Every line of the listing must be reproduced as it stands. Leave the images behind.

▶ **Given data**:

================================

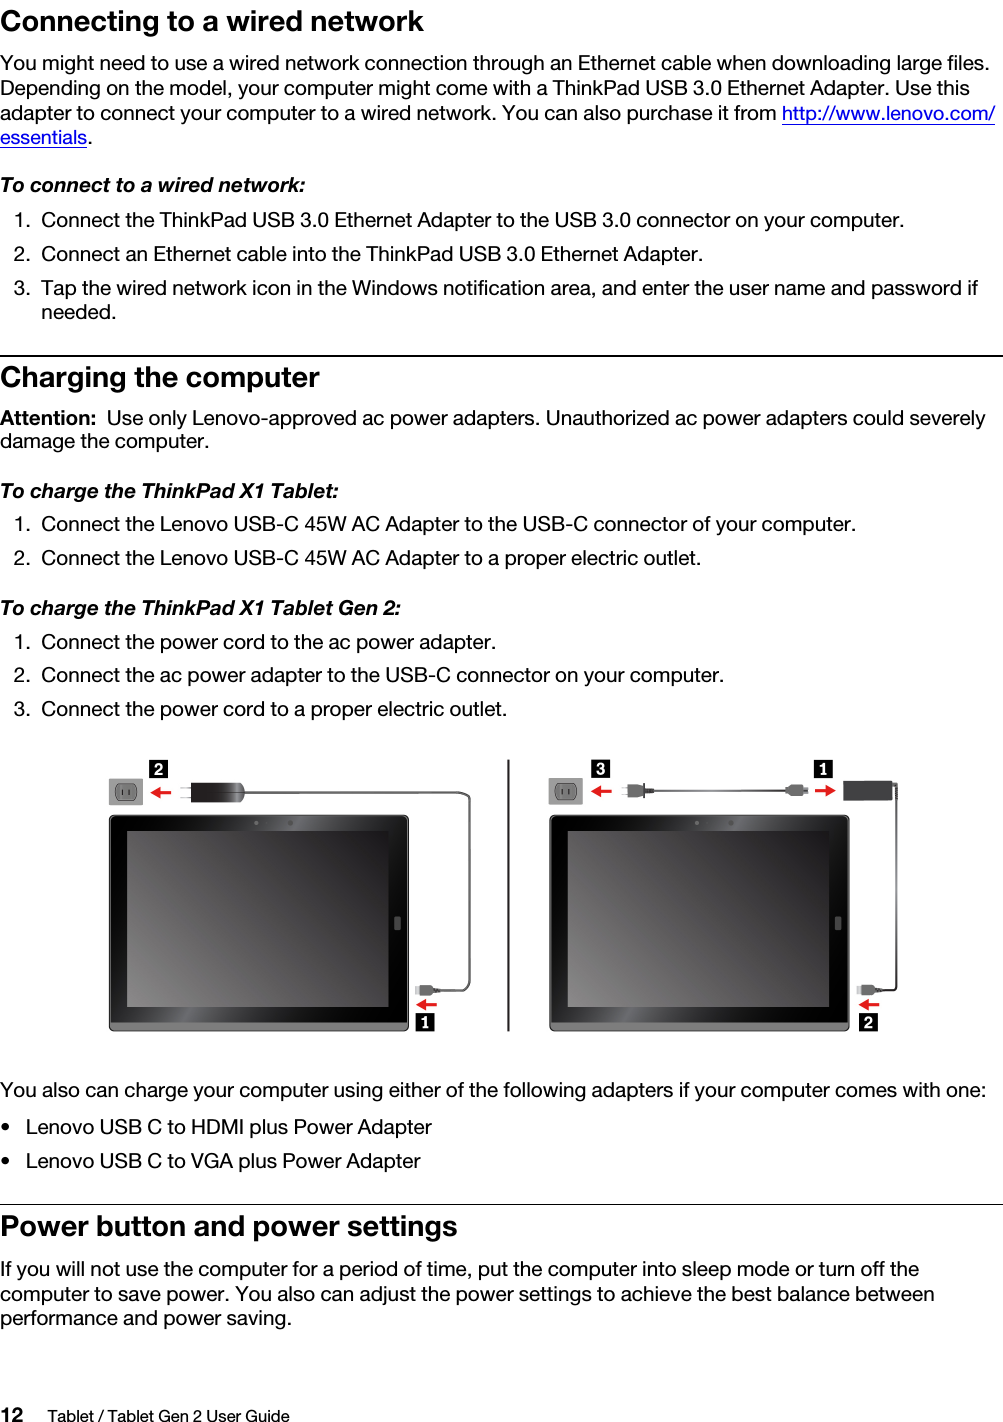 Lenovo X1 Tablet Gen 2 Ug En / User Guide Manual (English
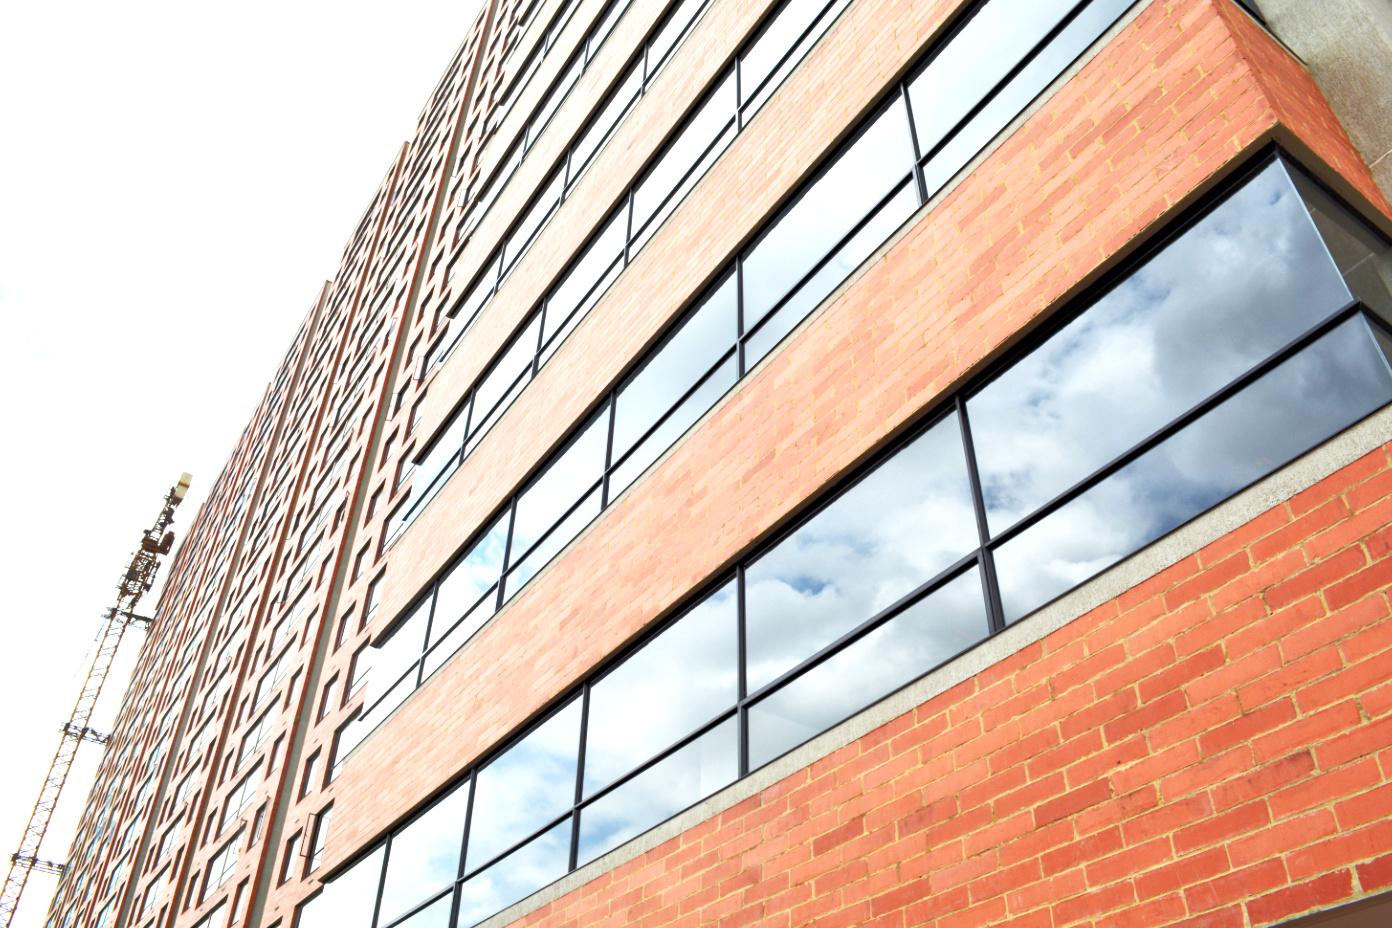 Fachada Club House - Torres de Timiza, apartamentos en venta, sector Kennedy, Bogotá, vivienda de interés social VIS, aplica subsidio
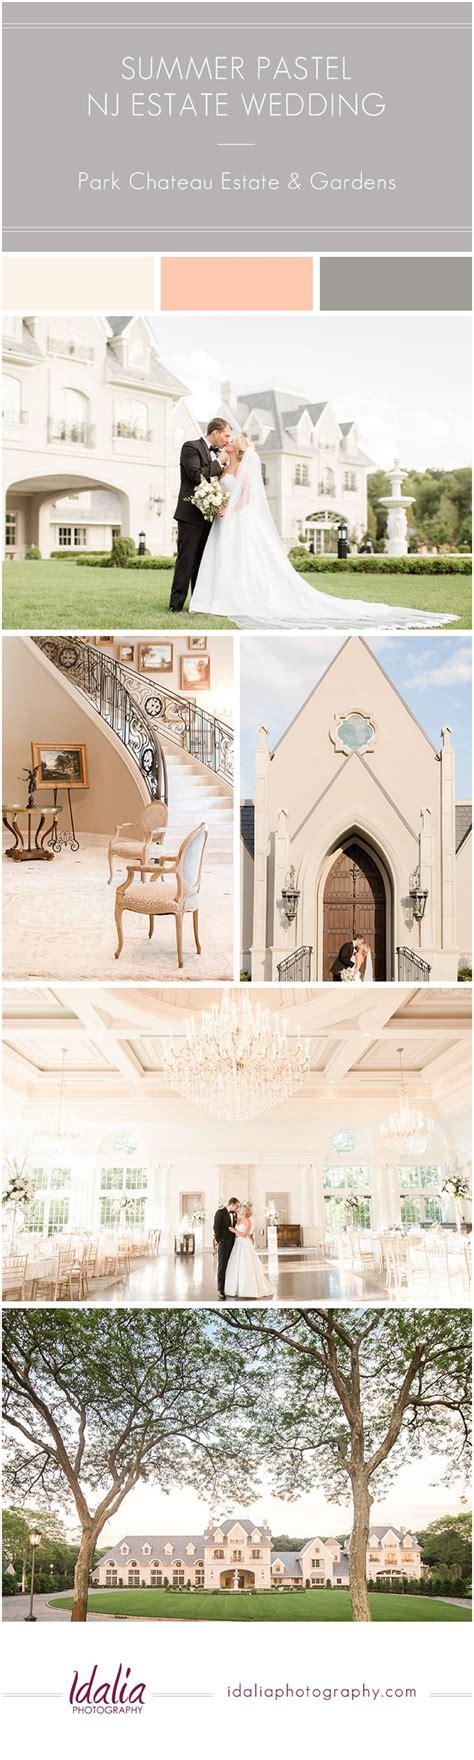 park chateau estate wedding juliana and joseph

================================

▶ **Result**:
 Lenovo X1 Tablet Gen 2 Ug En / User Guide Manual (English
 Fachada Club House - Torres de Timiza, apartamentos en venta, sector Kennedy, Bogotá, vivienda de interés social VIS, aplica subsidio
 park chateau estate wedding juliana and joseph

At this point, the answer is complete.